* **Task**
Once the line holding "KAANAS Sneaker Women's" is found in the entries below, transcribe exactly every line up to and including the one holding "a7352726781d89 Shop Fila", but leave out the pictures.

* **Dataset records**
^^^^^^^^^^^^^^^^

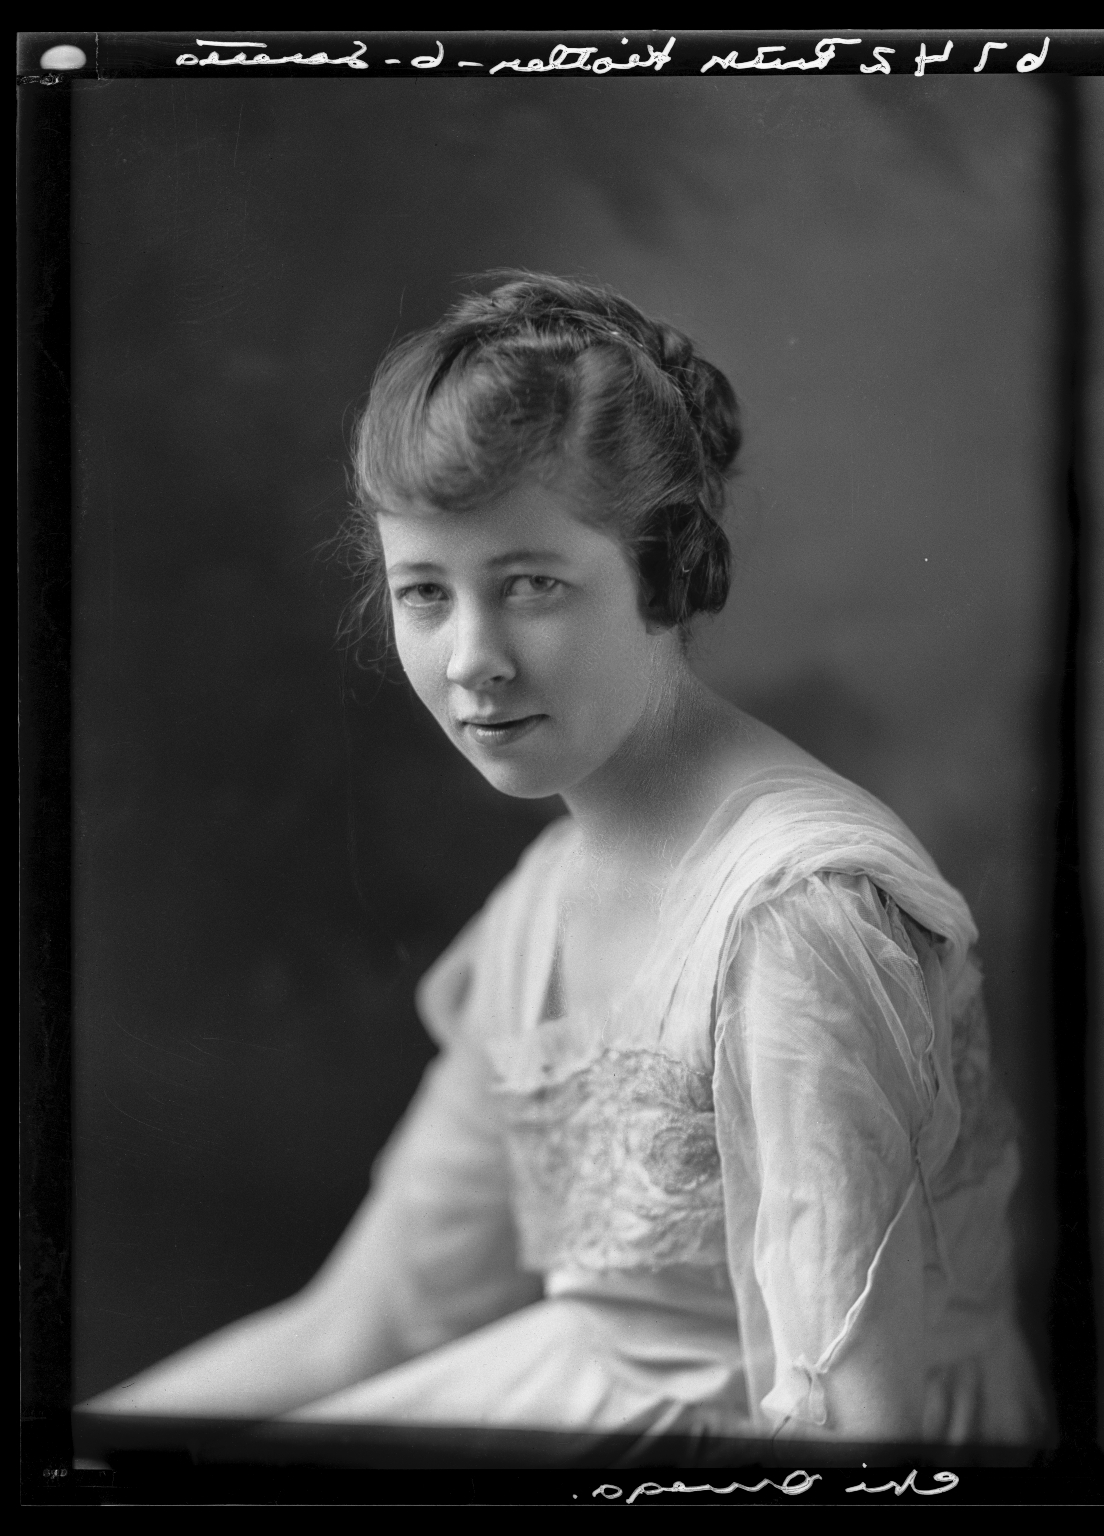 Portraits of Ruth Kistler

^^^^^^^^^^^^^^^^

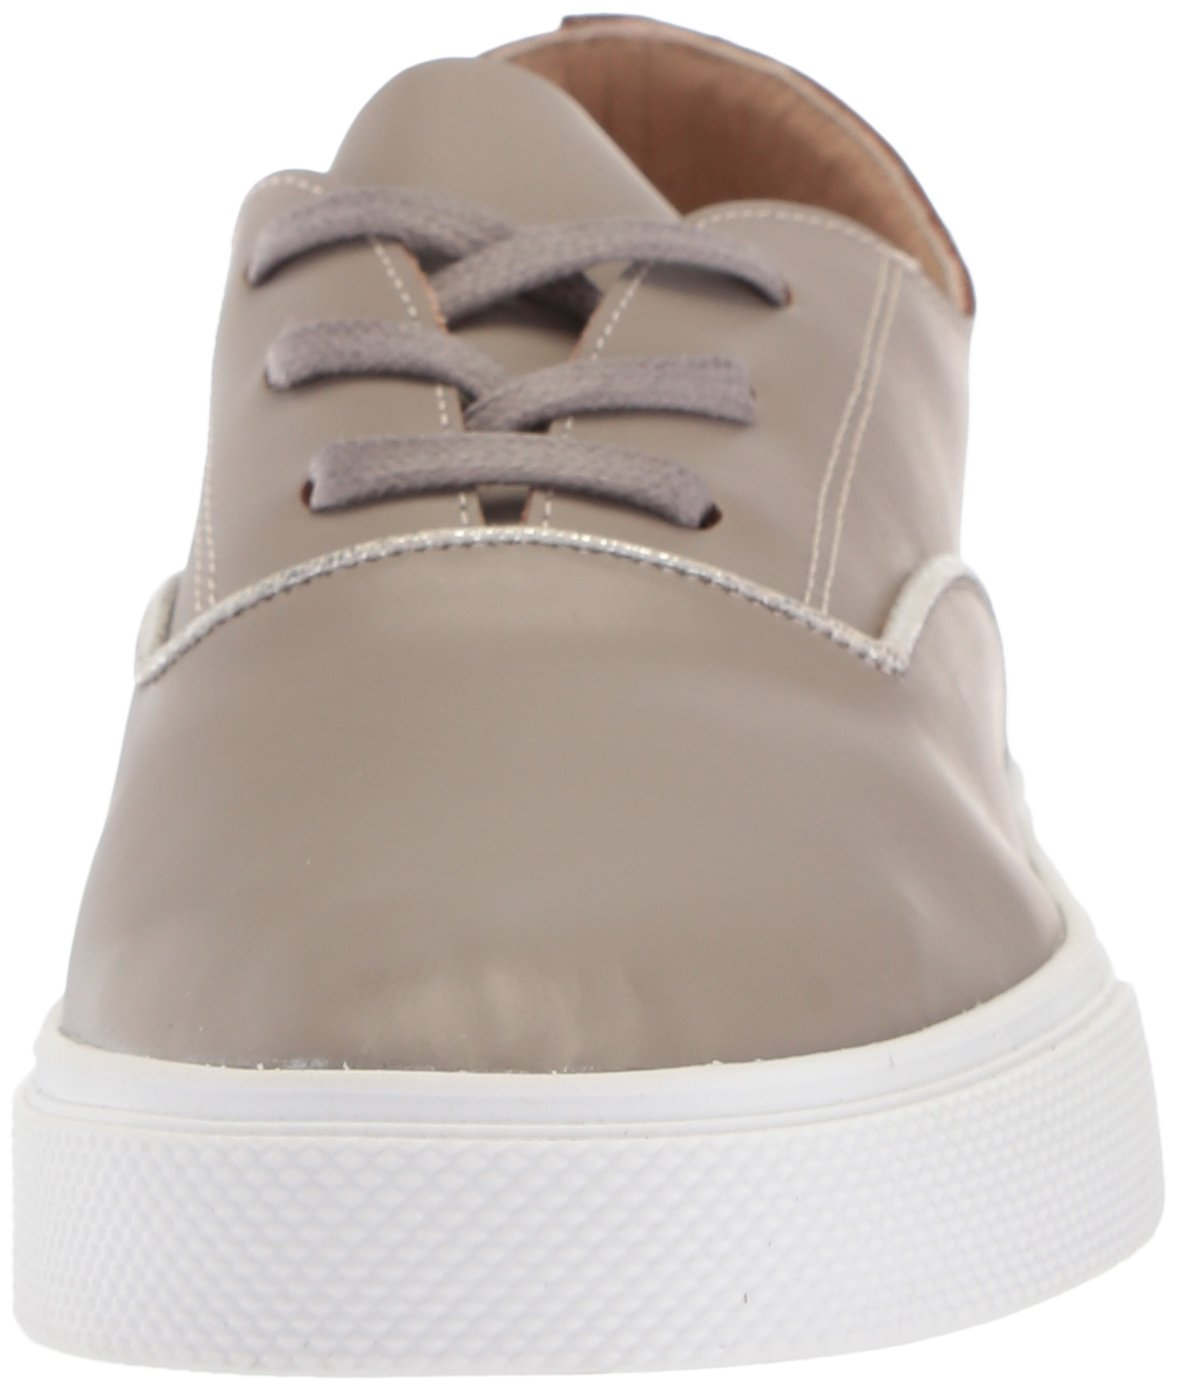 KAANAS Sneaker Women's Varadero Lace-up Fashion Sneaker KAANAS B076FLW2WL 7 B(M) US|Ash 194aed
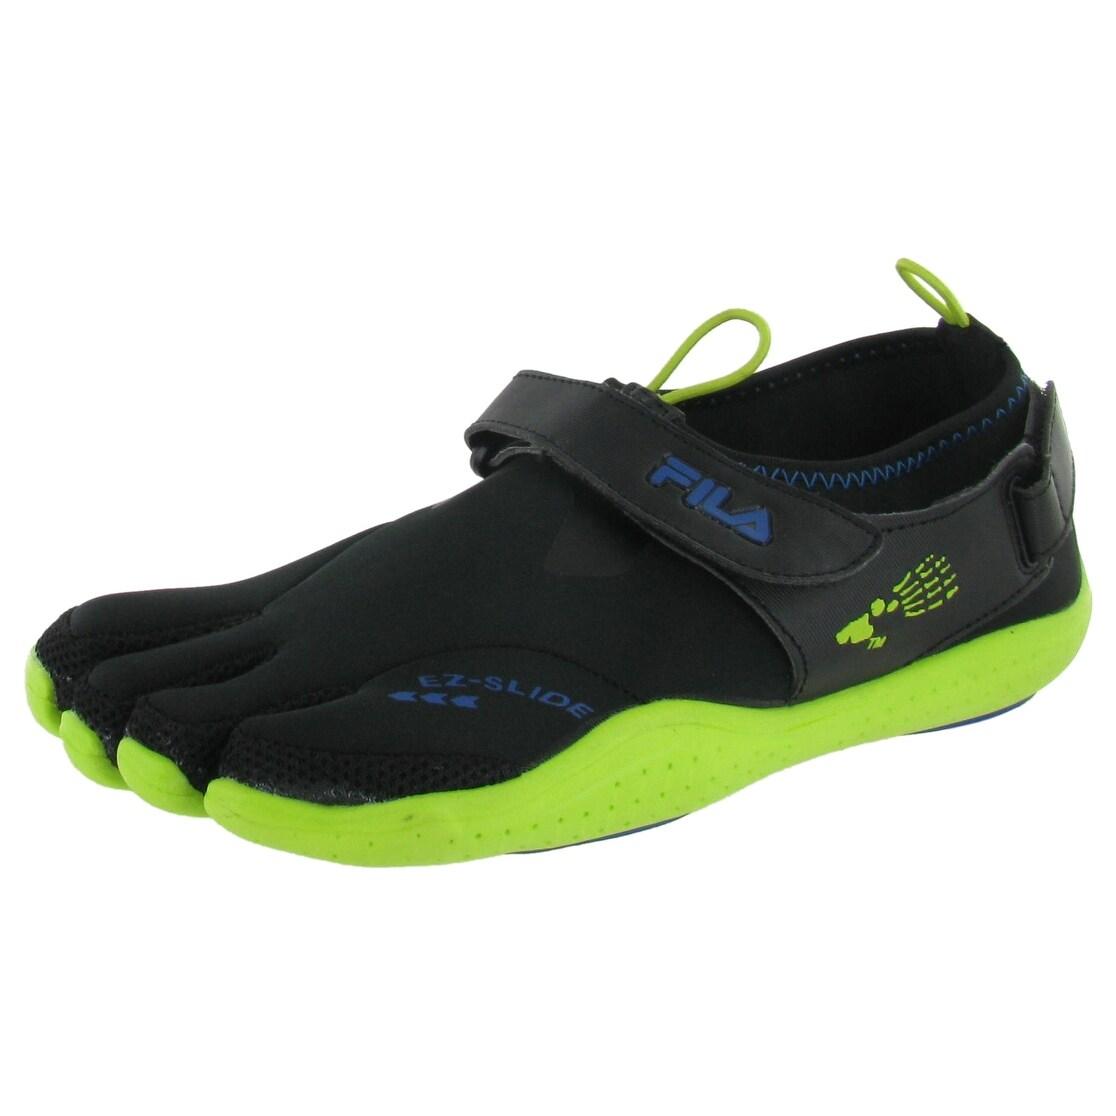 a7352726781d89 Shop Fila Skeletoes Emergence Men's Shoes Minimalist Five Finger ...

^^^^^^^^^^^^^^^^

* **Reply to the exercise**
 KAANAS Sneaker Women's Varadero Lace-up Fashion Sneaker KAANAS B076FLW2WL 7 B(M) US|Ash 194aed
 a7352726781d89 Shop Fila Skeletoes Emergence Men's Shoes Minimalist Five Finger ...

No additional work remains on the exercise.